5pm: I’m getting used to only cooking every other meal and eating leftovers in between. Saves on the cooking and cleaning, as well as actual ££. I make myself a pasta sauce and freeze into four different containers. My grandmother would be so proud.

7pm: My new books arrived today and I get straight into Daddy by Emma Cline. I pause to reflect on how grateful I am to be living in my sister’s flat and not to have to worry about finding a place in lockdown. Not to mention I won’t be paying any rent for at least a month.

Total: £137.55

The Breakdown

Food/Drink: £229.40
Clothes/Beauty: £0
Entertainment: £24
Travel: £80.90
Other: £510

Total: £844.30

Conclusion

“Yikes, tracking my spending has made me realise just how many takeaways I rely on when I don’t pre-plan my meals. Those oat cappuccinos add up as well but I don’t beat myself up about them because I see them as part of self-care (I realise how privileged I am to be able to say that).

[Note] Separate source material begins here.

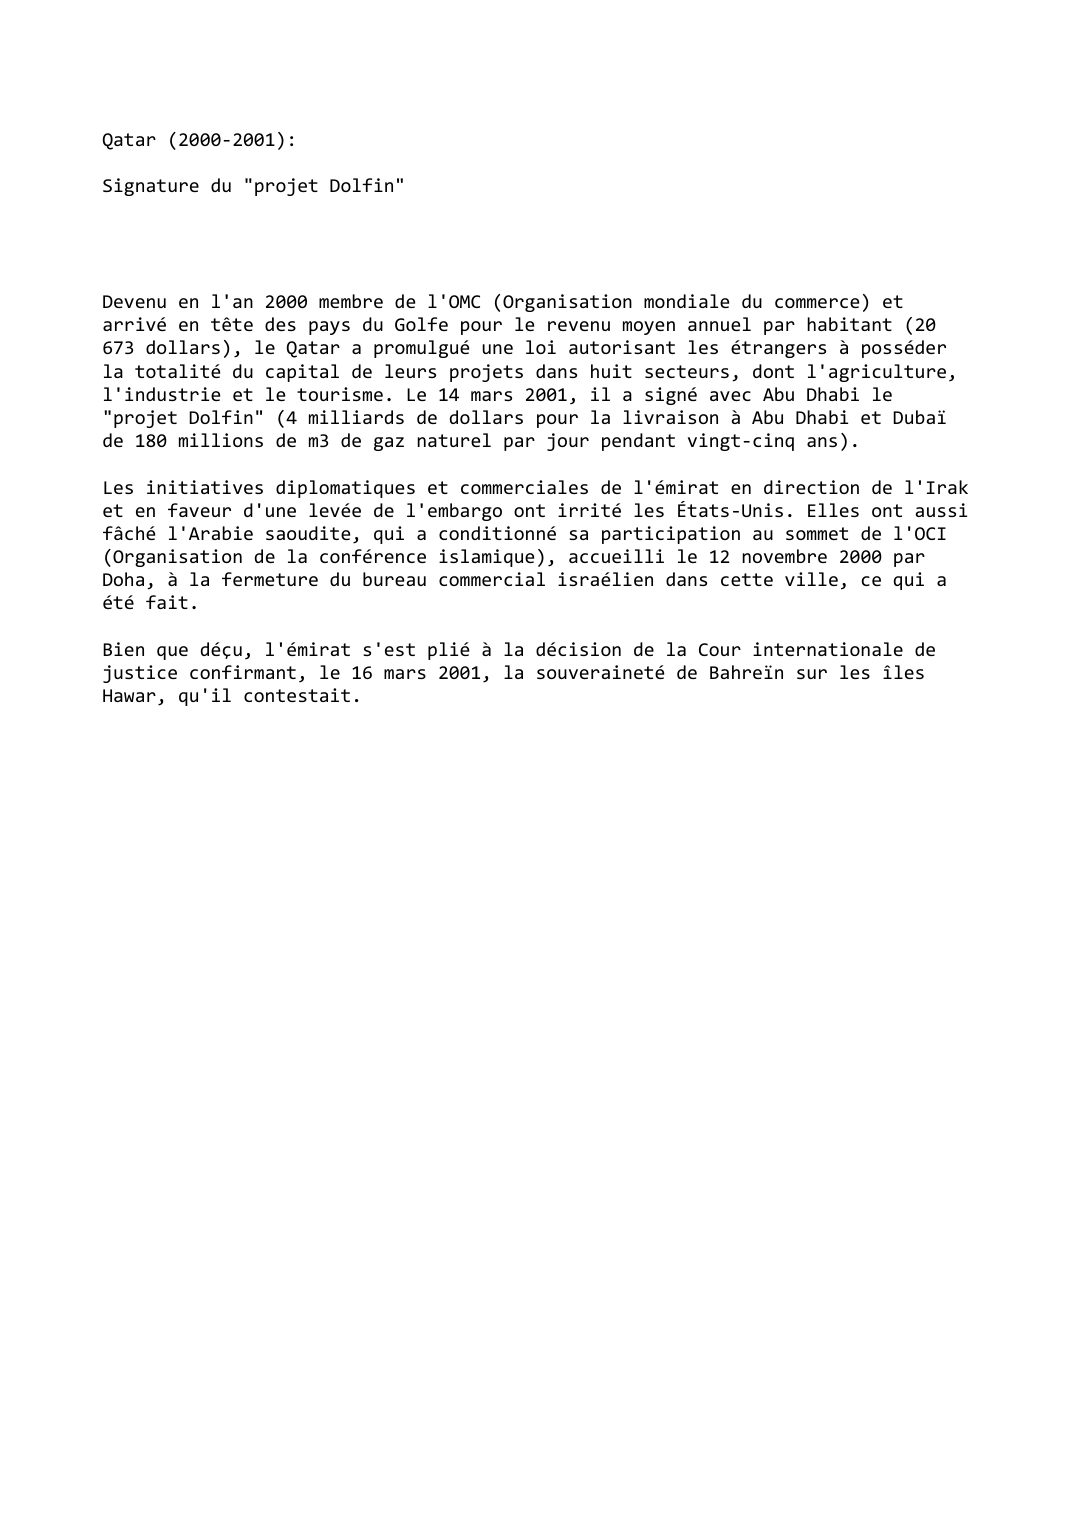 Prévisualisation du document Qatar (2000-2001):

Signature du "projet Dolfin"

This is an unusual week for me because I have two private medical appointments which only happen every six months. It’s also not every day that I’m paying for a man and a van!

Given that we’re in lockdown when I track this diary, I’ve spent a significant amount more than I would have imagined. Equally, however, I haven’t bought a single bit of makeup since 2019 so that’s been a big saving, and I haven’t had to fork out £14 a day on travel either.”